Normally, when you first start up a business, you tend to keep it small and pretty simple. The company is formed and registered, shares are allocated as directors see fit and you begin trading. Within a few years, though, if business booms and you have a particularly innovative product or service, it might be possible to float on the London Stock Exchange. This is not for the faint hearted. Floating your company can be one of the most exciting and exhilarating experiences in business but it can also be time consuming, expensive and stressful. It will also change the shape of your company forever.
The companies with most to gain by going public have strong and substantial earnings growth or large quick growth potential. Having something unique or special is vital to put you ahead of the competition. Other essentials include a strong, stable management team and good internal controls and systems to handle the increased growth and financial changes.
Obviously, the main reason to float your company is to raise cash. The money raised can be used for buying other companies, paying off debt, funding huge advertising campaigns etc. When companies raise money by issuing shares they can still keep control. A company worth £100 million may raise £50 million by making, for example 50 million shares available at £1.00 each. Therefore the company still owns 50% and there are many shareholders helping to fund the growth of the company. Private limited company shares are normally restricted to its members, to staff and their families etc. They may only be sold or transferred with the permission of the directors.

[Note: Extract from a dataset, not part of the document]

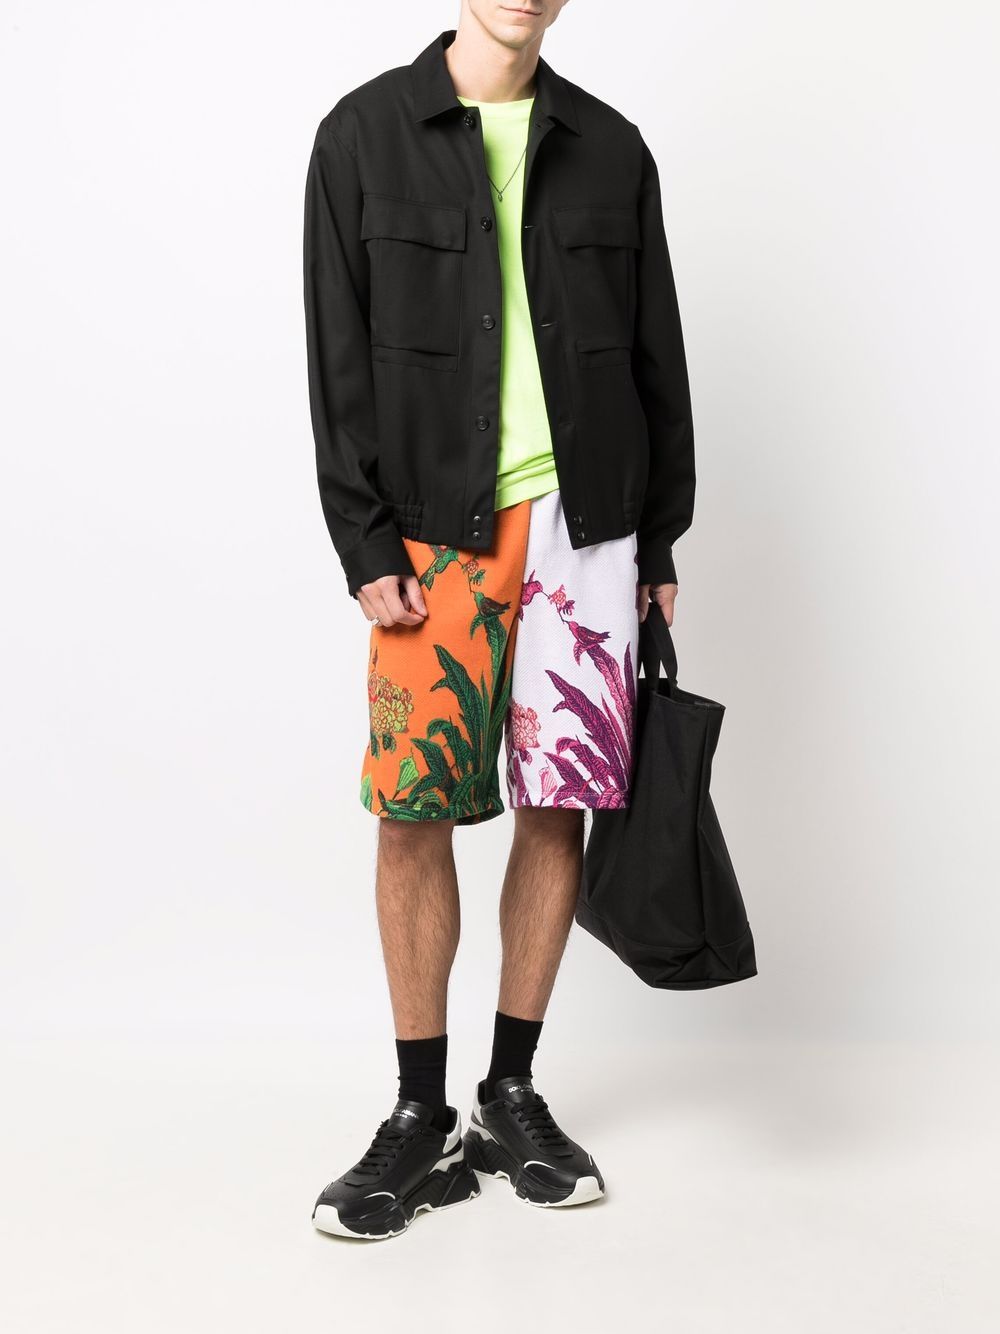 фото Philipp plein спортивные шорты с цветочным принтом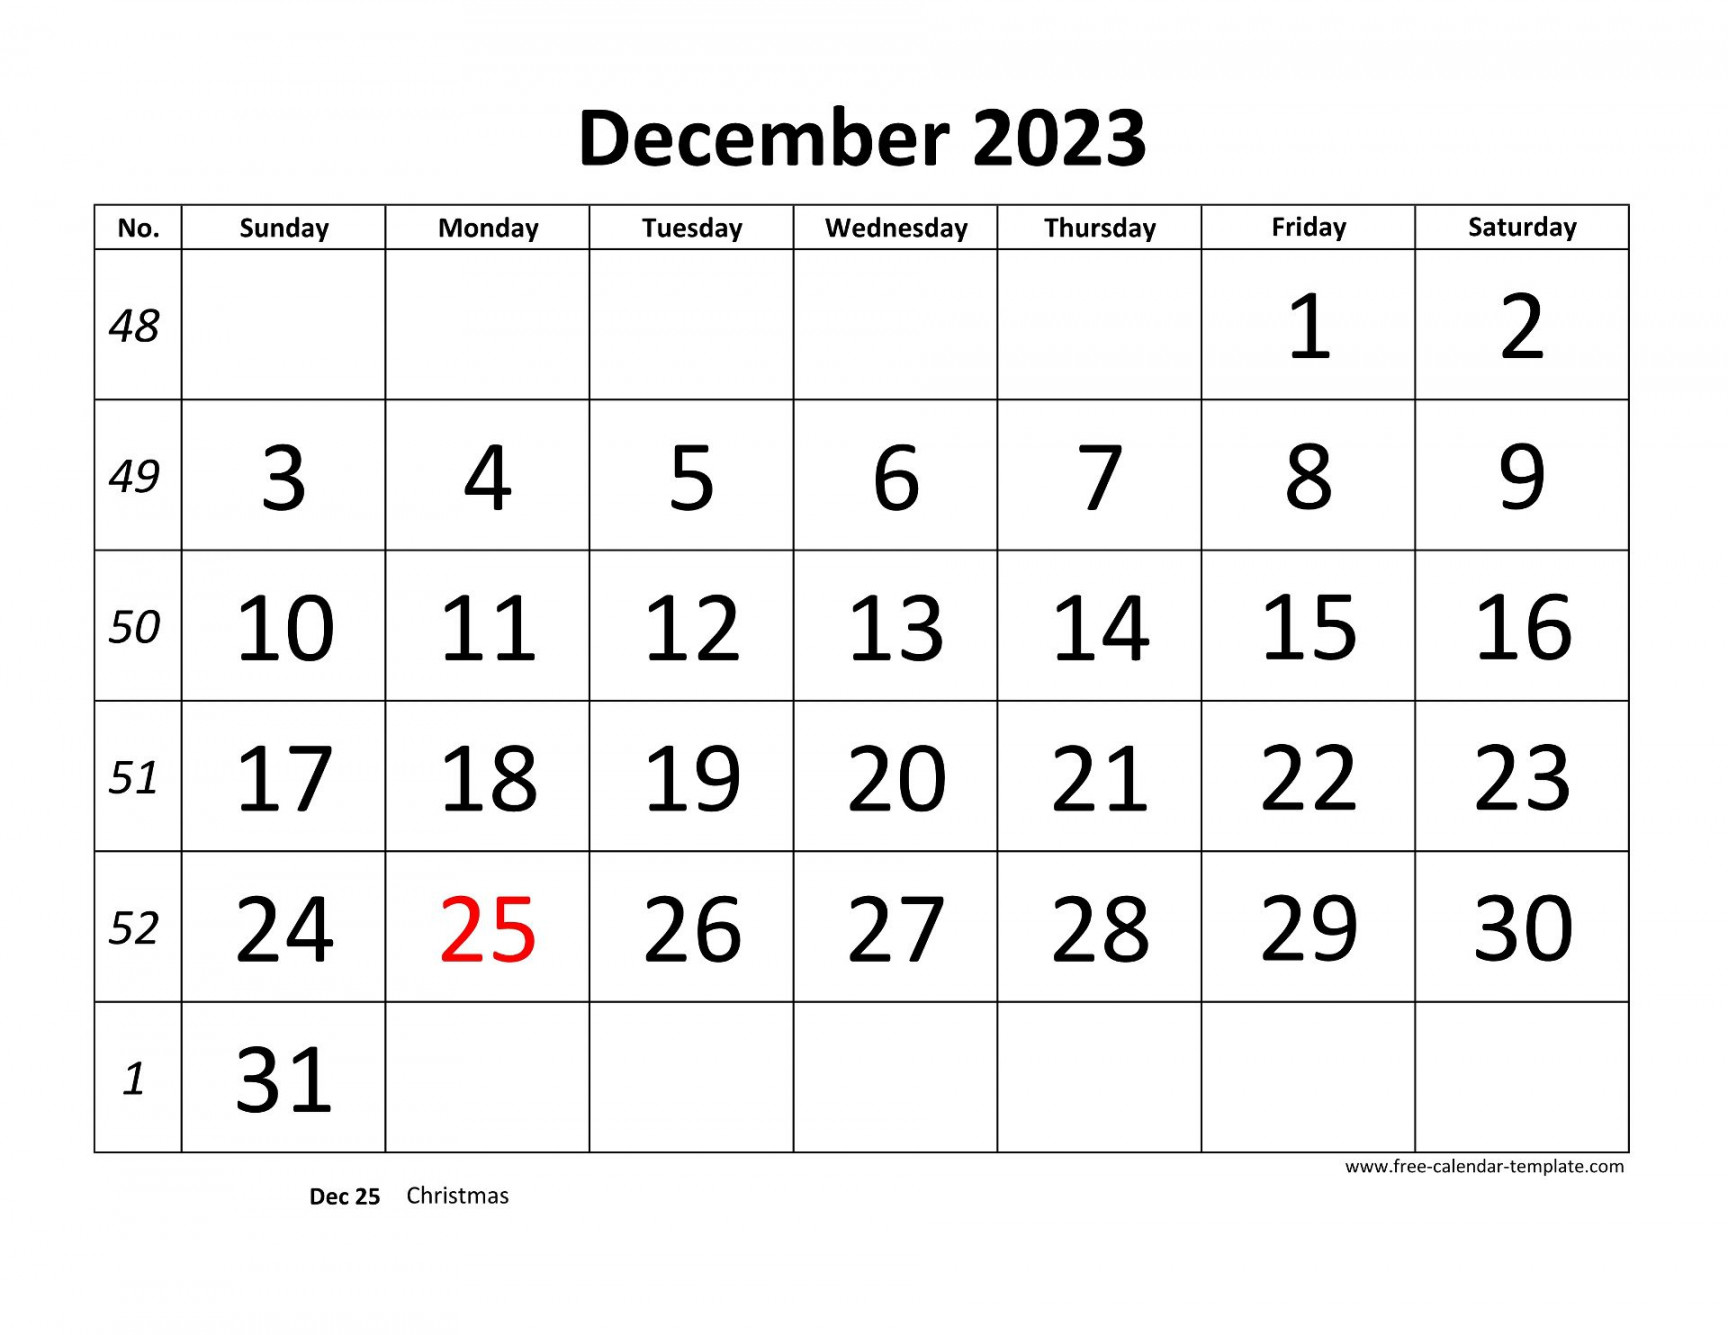 December  Free Calendar Tempplate  Free-calendar-template

There are three different share types. Ordinary shares have no special rights or restrictions and may be divided into classes of different value. Preference shares normally carry a right that any annual dividends available for distribution will be paid preferentially on these shares before other classes. And, finally differential share rights/values which are ordinary shares with differential voting and/or dividend rights.
Apart from raising capital a float can provide an exit for existing investors who sell their shares as part of the floatation as well as allowing investors to trade shares. Of course floating a company also provides a market valuation for the company’s shares as well as increasing the company’s profile with customers, suppliers and business associates.
Disadvantages of floating a company can be many. Most companies cannot offer a return on investment sufficient to attract investors, so it is essential to have a good record in generating profits. Initial costs can be massive. Advisors fees can be between £150,000 to £350,000 for a small firm. After the float you need to pay commission on new money raised (this can be 5%), plus you will need to advisors after the float (corporate advisors charge at least £25,000). Even if you can afford it, you will have to submit to the rules for publicly listed companies, and also have to satisfy shareholders’ interests which may be quite different to yours. Shareholders may want to focus on short-term profits, or expect generous, regular dividends, which could undermine cash flow. Control can be lost, particularly if substantial investors want their own representatives appointed to the board and it can then be easier for another business to make a takeover bid.
Also consider the hidden costs. During flotation managers will be distracted from the daily running of the business and there will ongoing dealings with investors afterwards. Regulatory requirements include publishing full accounts twice a year and follow certain standards of corporate governance. Shareholders also need to be regularly and speedily kept informed of new developments.
If you are not put off these gruelling procedures, and are prepared for the costs and the stress involved then maybe floating your company on the stock market is real option and you can look forward to inviting all shareholders to the first Annual General Meeting.